A. Robert Towbin has been the Executive Vice President and Managing Director of Stephens Inc. since December 2001. From 2000 to 2001, he was Co-Chairman of C.E. Unterberg, Towbin (now Collins Stewart LLC) and from 1995 to 1999 was Senior Managing Director of C.E. Unterberg, Towbin. From 1994 to 1996, Mr. Towbin was President and Chief Executive Officer of the Russian-American Enterprise Fund, a U.S. government-owned investment fund, and later, Vice Chairman of its successor fund, the U.S. Russia Investment Fund. Mr. Towbin was a Managing Director of Lehman Brothers and its Co-Head of High Technology Investment Banking from 1987 to 1994. From 1959 to 1987, Mr. Towbin was Vice Chairman and a Director of L.F. Rothschild, Unterberg, Towbin Holdings Inc. and its predecessor companies. Mr. Towbin holds a B.A. from Dartmouth College.
 
C. J. Waylan acts as an advisor to telecommunication and satellite companies. Dr. Waylan served as Executive Vice President for GTE Mobilnet and President of GTE Spacenet Corporation until his retirement in 1996. From 1996 to 1997, he was Executive Vice President of NextWave Telecom, Inc., a start-up provider of wireless communications and from 1997 to 2006, he was President and Chief Executive Officer of CCI International, NV, a mobile satellite communications company.
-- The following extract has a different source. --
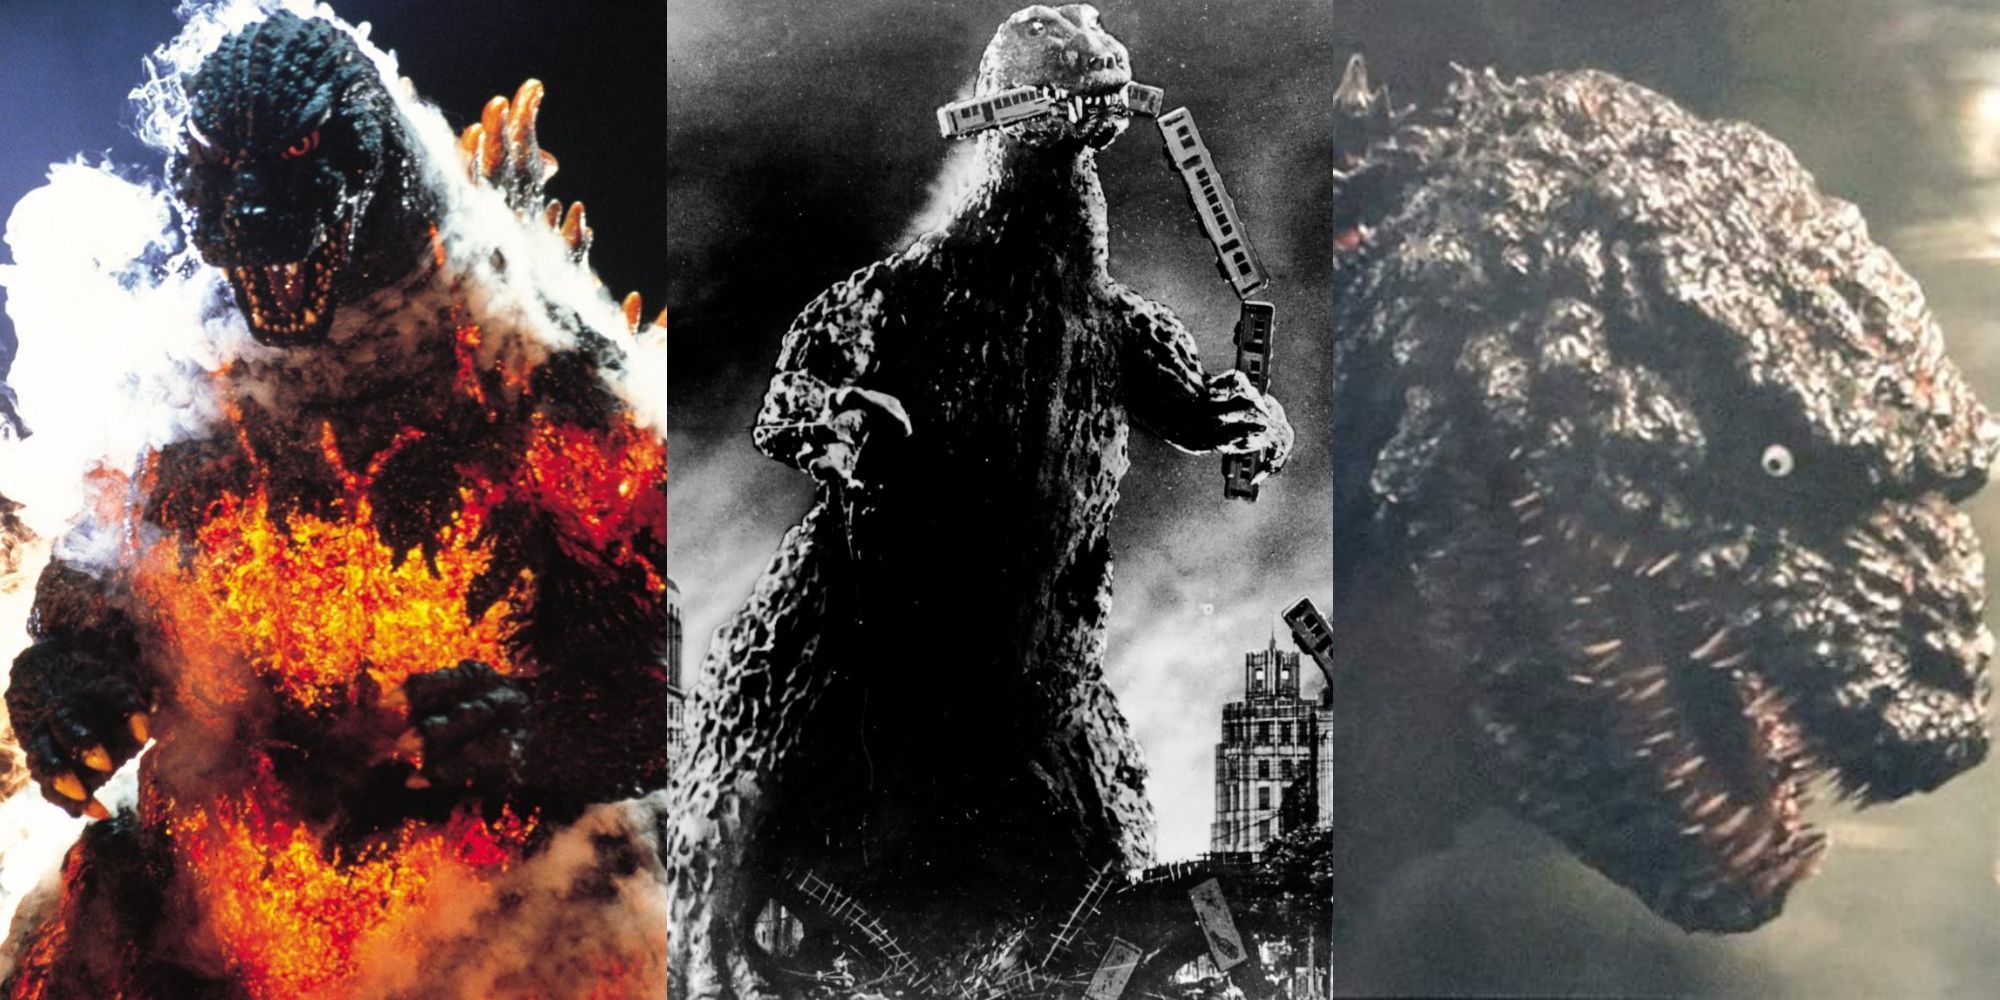 A collage with some of the darkest versions of Godzilla, from Godzilla vs. Destoroyah, Godzilla (1954) and Shin Godzilla.

He holds a B.S. from the University of Kansas as well as an M.S. in Electrical Engineering and a Ph.D. from the Naval Postgraduate School.
 
The Board of Directors recommends a vote “FOR” each of the seven nominees.
 
Information About the Board of Directors and Committees
 
Committees of the Board of Directors.  The Board of Directors currently has a standing Audit Committee, Compensation Committee and Nominating and Corporate Governance Committee. Each member of the Audit, Compensation and Nominating and Corporate Governance Committees is an independent director as defined in Rule 4200(a)(15) of the NASDAQ Marketplace Rules. The current membership for each is as follows:
 
         
        Nominating and Corporate
Audit Committee   Compensation Committee   Governance Committee
 
Harry L. Hutcherson Jr. (Chairperson)   Richard E. Caruso (Chairperson)   Brian T. Maloney (Chairperson)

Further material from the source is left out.